There is a liturgical crisis. The politicization of liturgical inclinations among Catholics in the USA (where there is the most vibrant movement for the return to the pre–Vatican II Latin Mass) has, for some, gone beyond the Agatha Christie–kind of aesthetical attachment to the pre–modern: instead signifying a rejection of the validity of the Ordinary FormMass, and an outright, wholesale rejection of the contemporary theology and papal teaching of dialogue with other Christians, with the Jews, with the modern world. When a Christian community becomes split about the way it is supposed to celebrate liturgy together, disunity has reached a dangerous level. It’s the wisdom of the ancient motto “lex orandi, lex credendi”: the rule of prayer, the rule of belief. Disunity (which is different from diversity) in the rule of prayer signifies a disunity in the faith.
4. US Catholicism as a mirror of global Catholicism
The Catholic Church in the USA faces an uncertain future. It is experiencing massive changes in its demographics, mostly thanks to the influx of Catholics from Latin America (and also Asia). This has already changed – and will change even more – its geography, culture, and politics. But there is no ‘demographic solution’ to the current multi–layered crisis. All historical churches in the USA are in steep decline and facing a reckoning on race and sexual abuse in their midst.

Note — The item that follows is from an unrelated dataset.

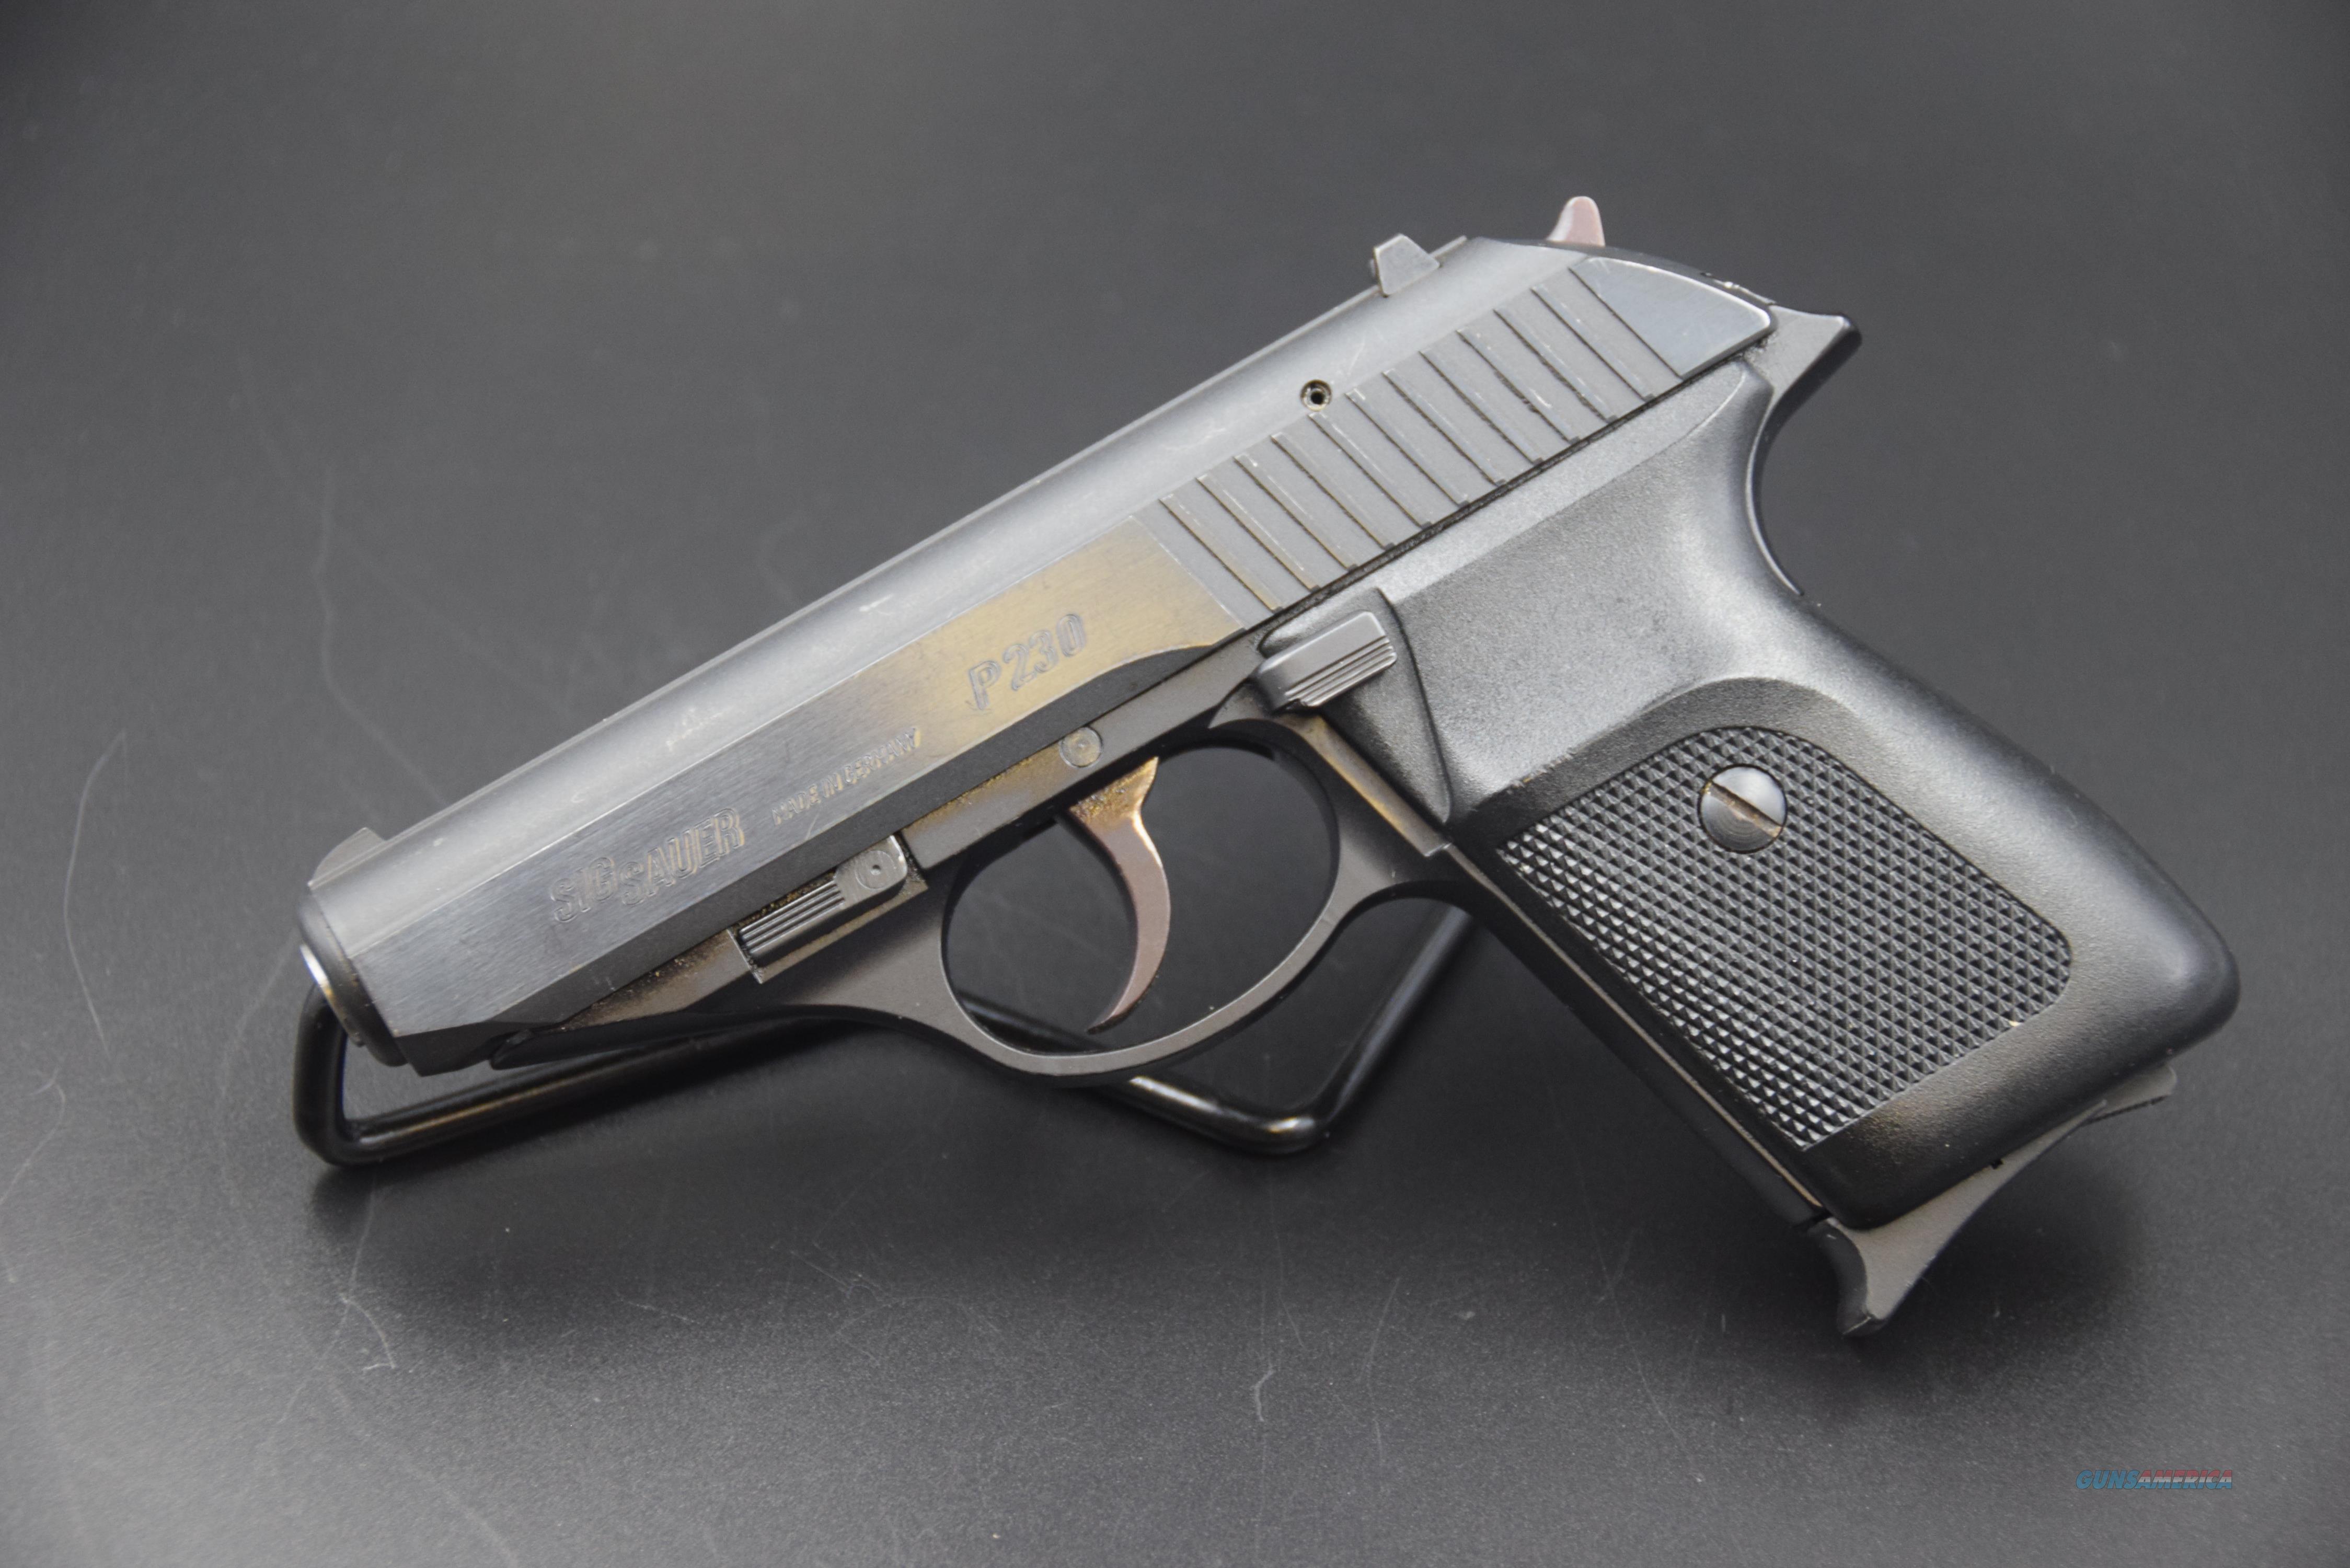 SIG SAUER P-230 LIGHTWEIGHT .380 ACP PISTOL  Guns > Pistols > Sig - Sauer/Sigarms Pistols > P230

There are however specific questions for Catholicism in the USA, different from other American Christian churches:
The first question concerns what kind of Americanism will be embodied by Catholicism in the USA. The success of Catholicism in the twentieth century – the acceptance by the American mainstream, the climbing of the economic, social, and cultural ladder as the competition and then substitute of the Protestant establishment – happened also thanks to the acceptance of a certain idea of the USA in the “American century”. Now that the future of global world does not belong to the USA to the same extent, it is not clear what kind of idea of America US Catholicism will embrace: the attempt to revive American exceptionalism, or an acceptance of the redefinition/decline of its political–religious mission?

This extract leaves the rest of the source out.